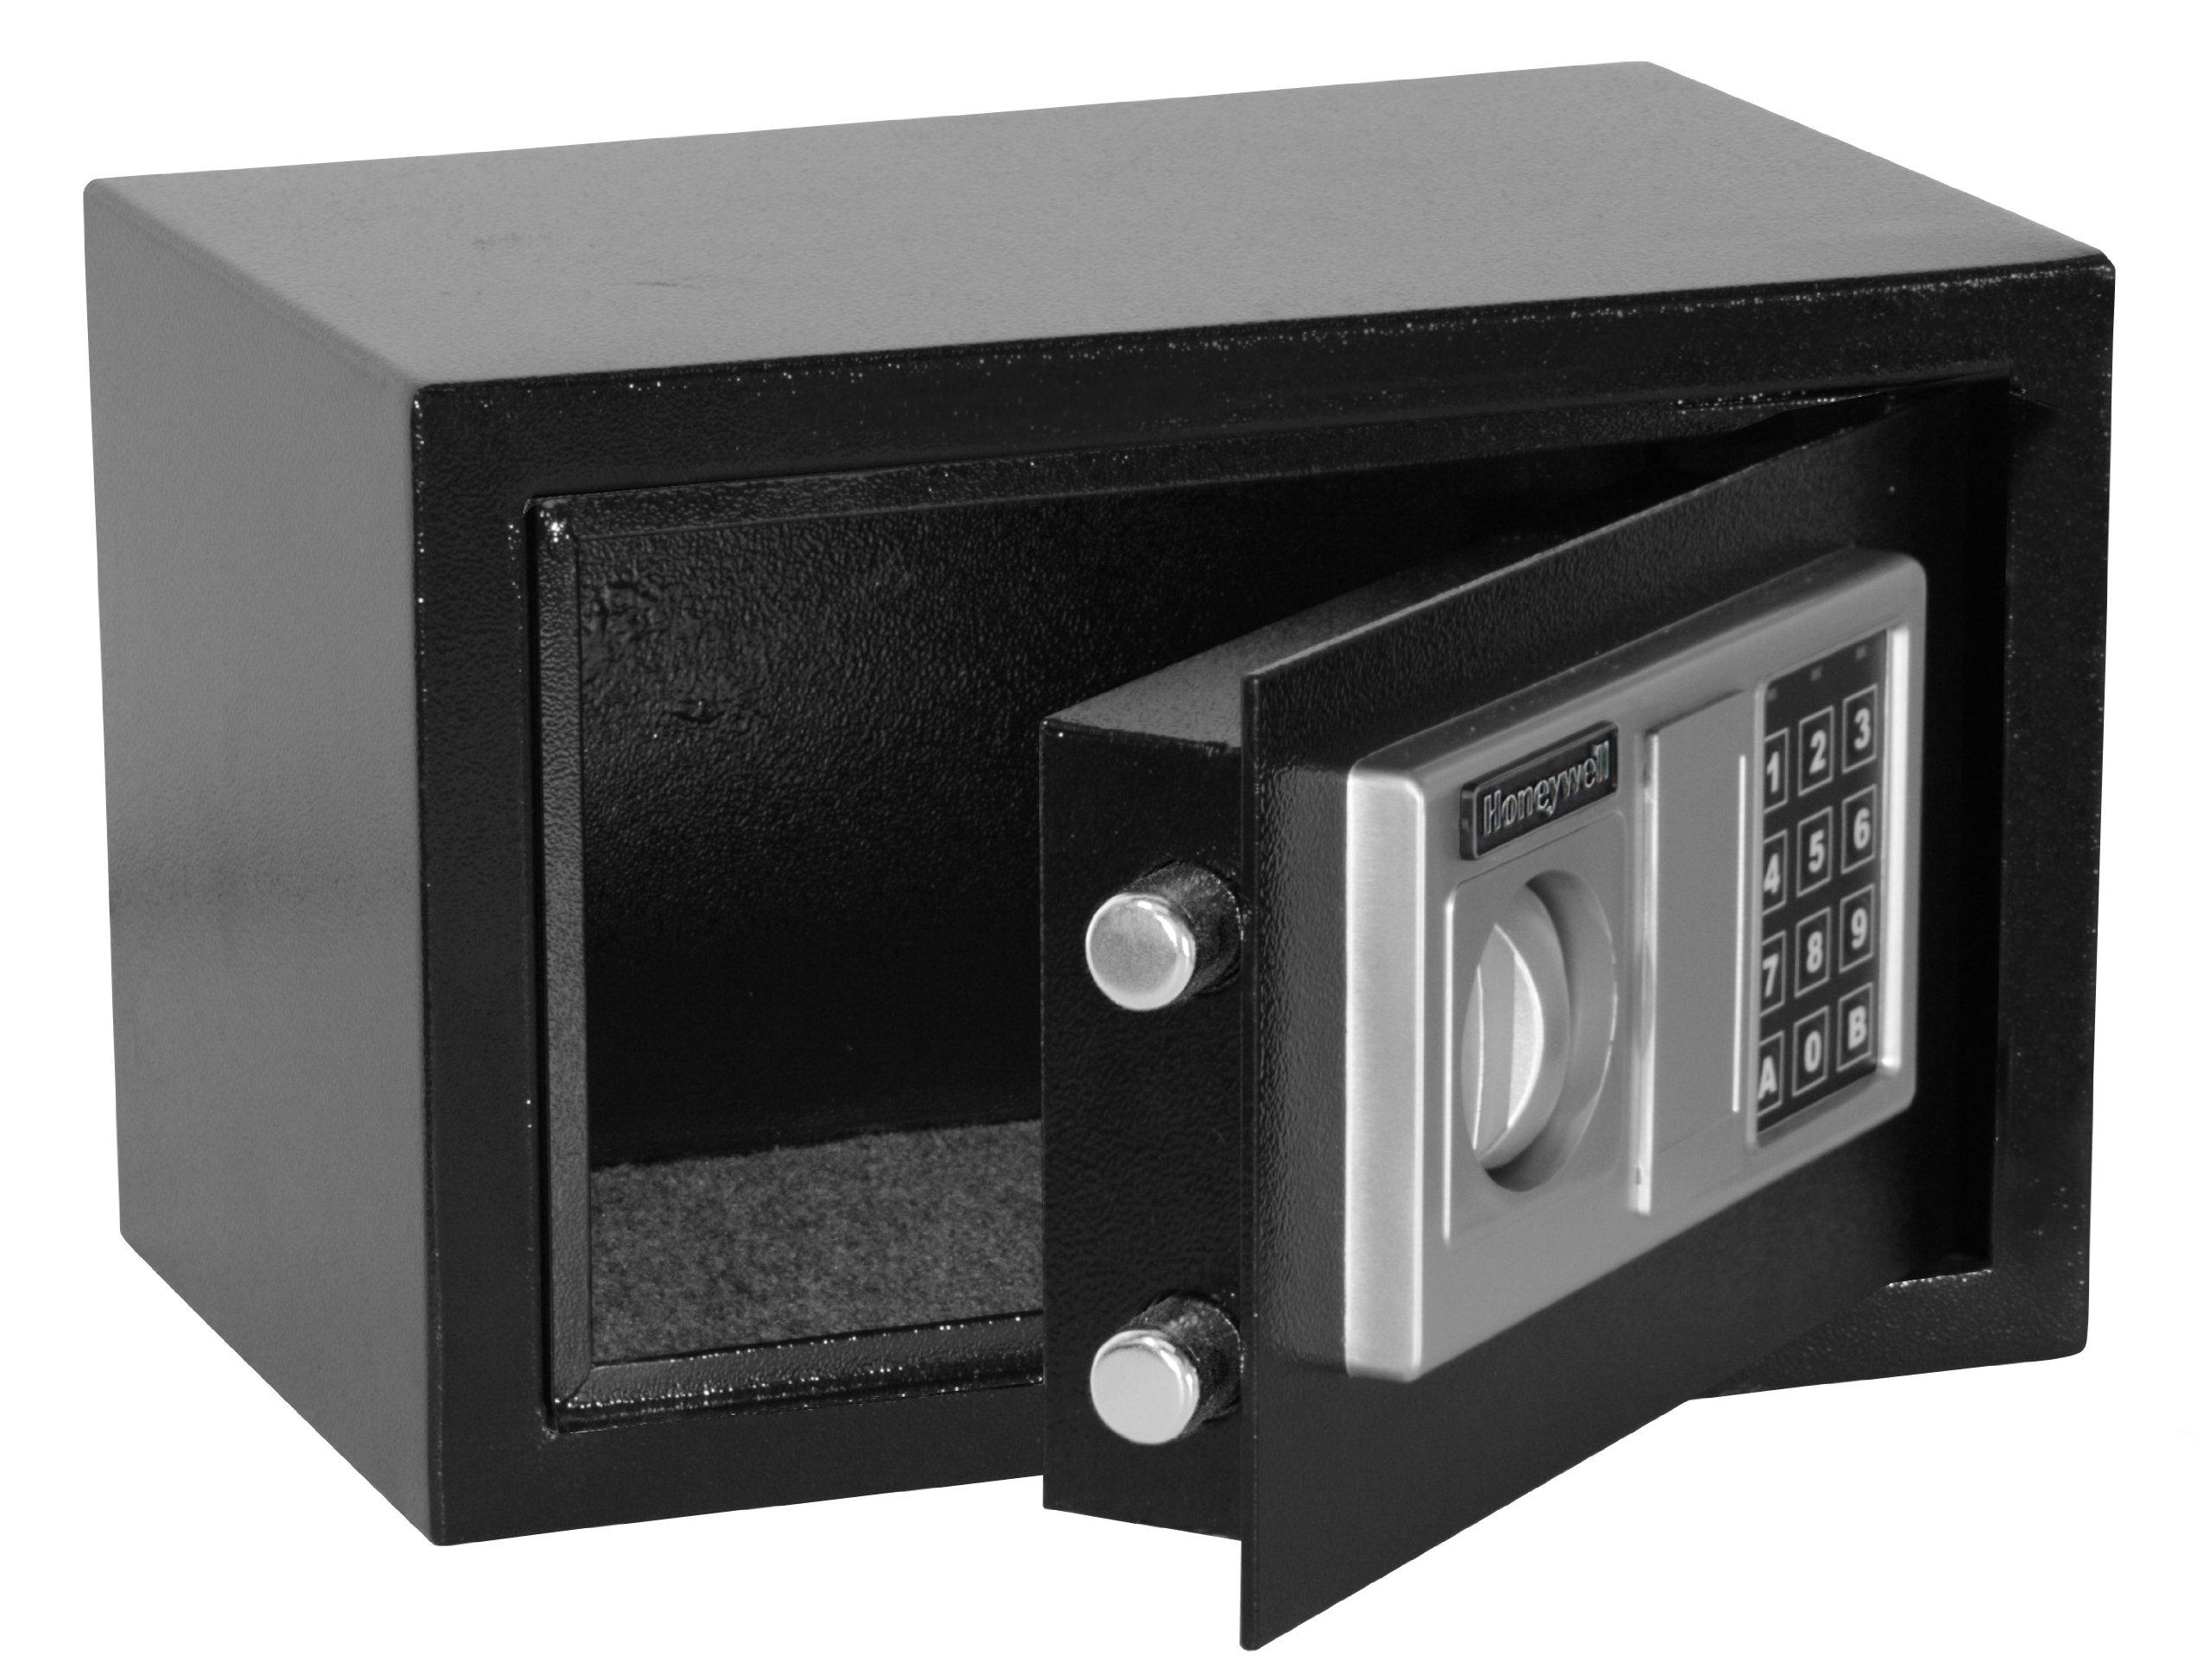 HONEYWELL - 5301DOJ Approved Steel Security Safe with Digital Lock, 0.28-Cubic Feet, Black
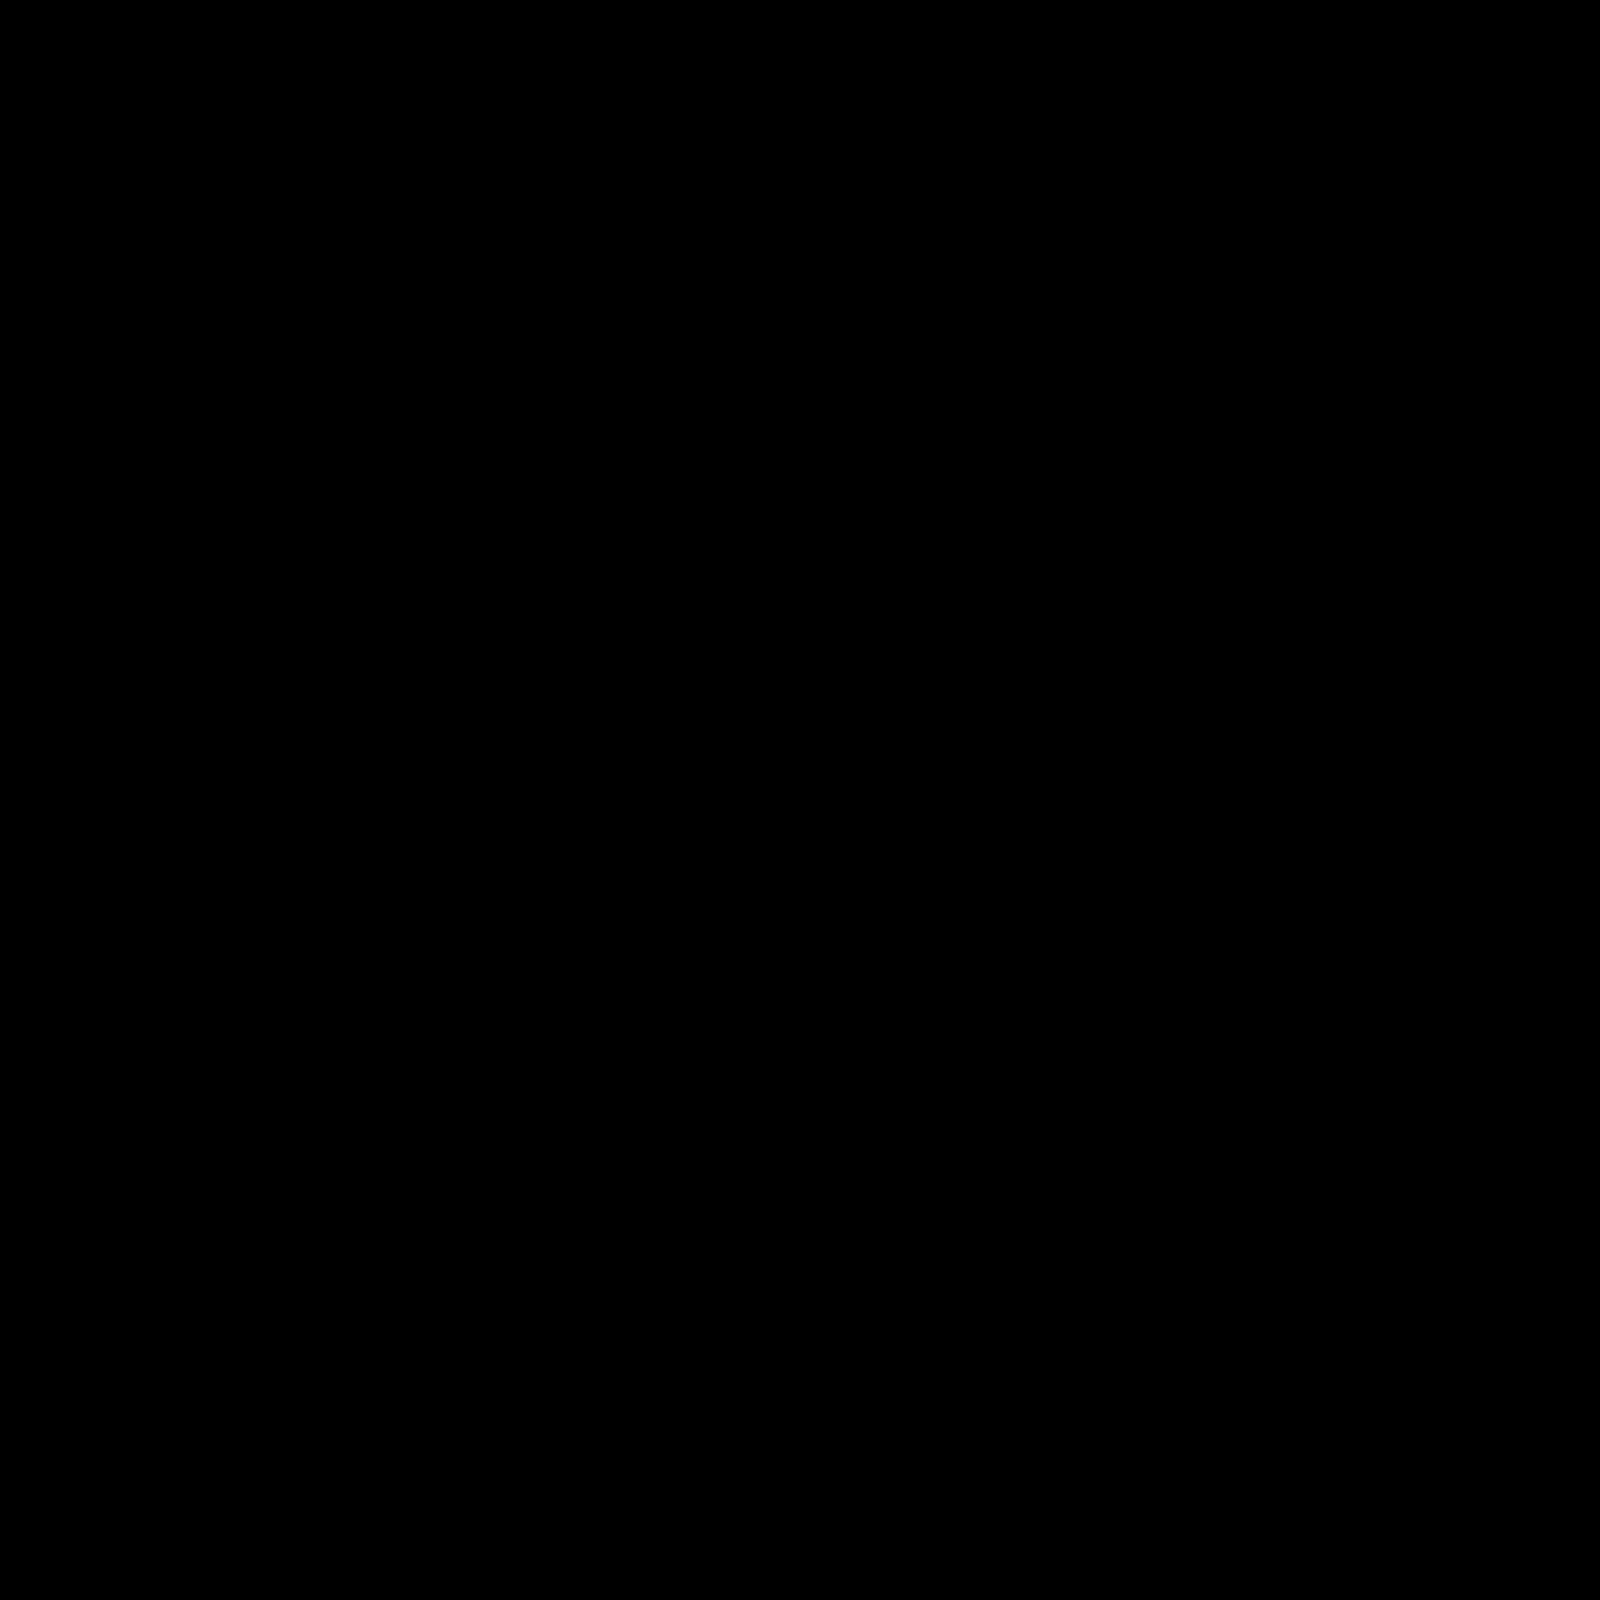 1 circulado C icon
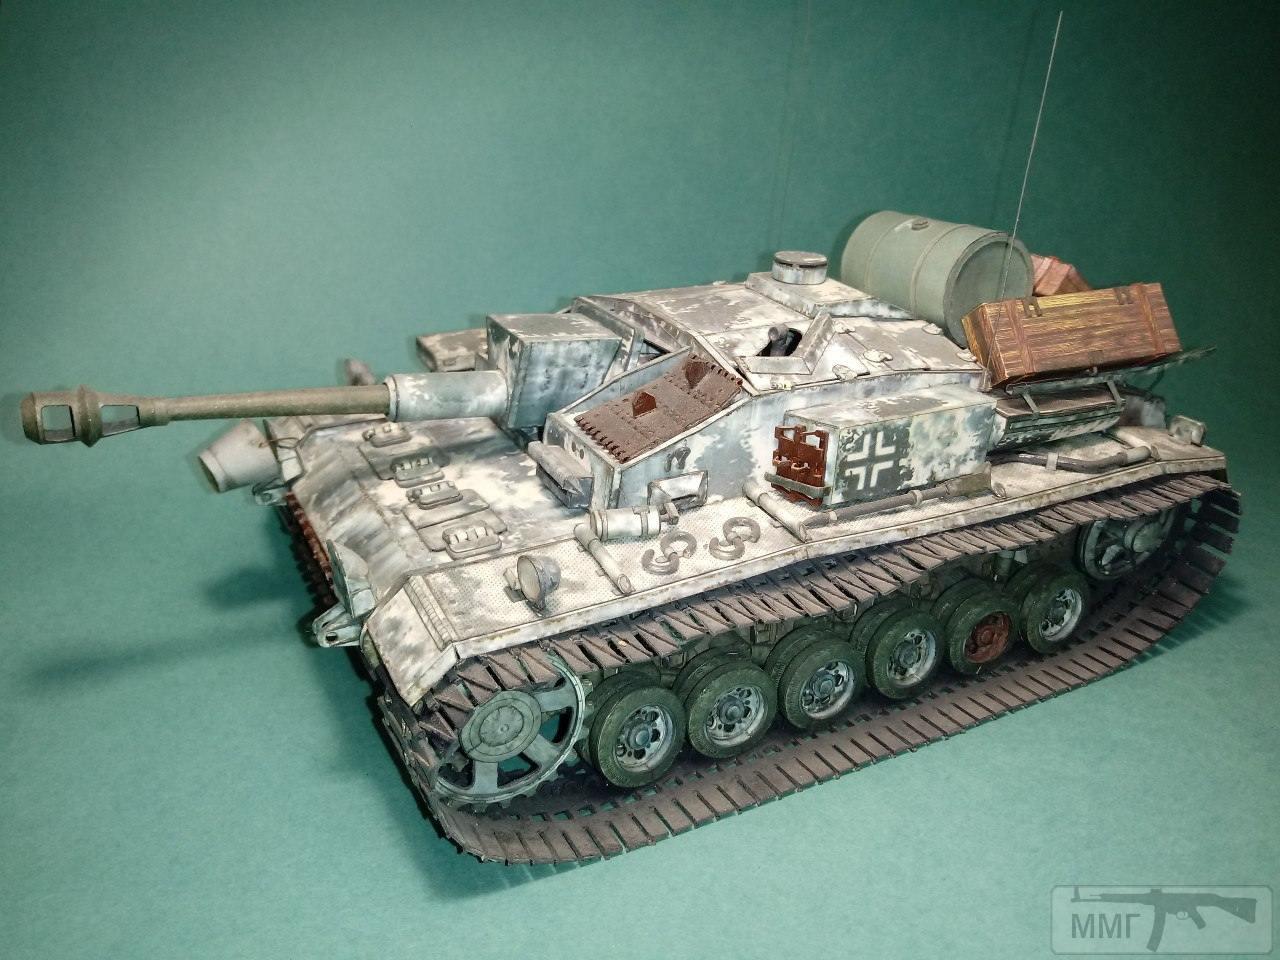 20409 - StuG III. 1/25. Бумага.
++++++++
### WORK TASK
The result should be the full listing, retyped exactly and free of pictures.

### EXERCISE RESPONSE
 HONEYWELL - 5301DOJ Approved Steel Security Safe with Digital Lock, 0.28-Cubic Feet, Black
 1 circulado C icon
 20409 - StuG III. 1/25. Бумага.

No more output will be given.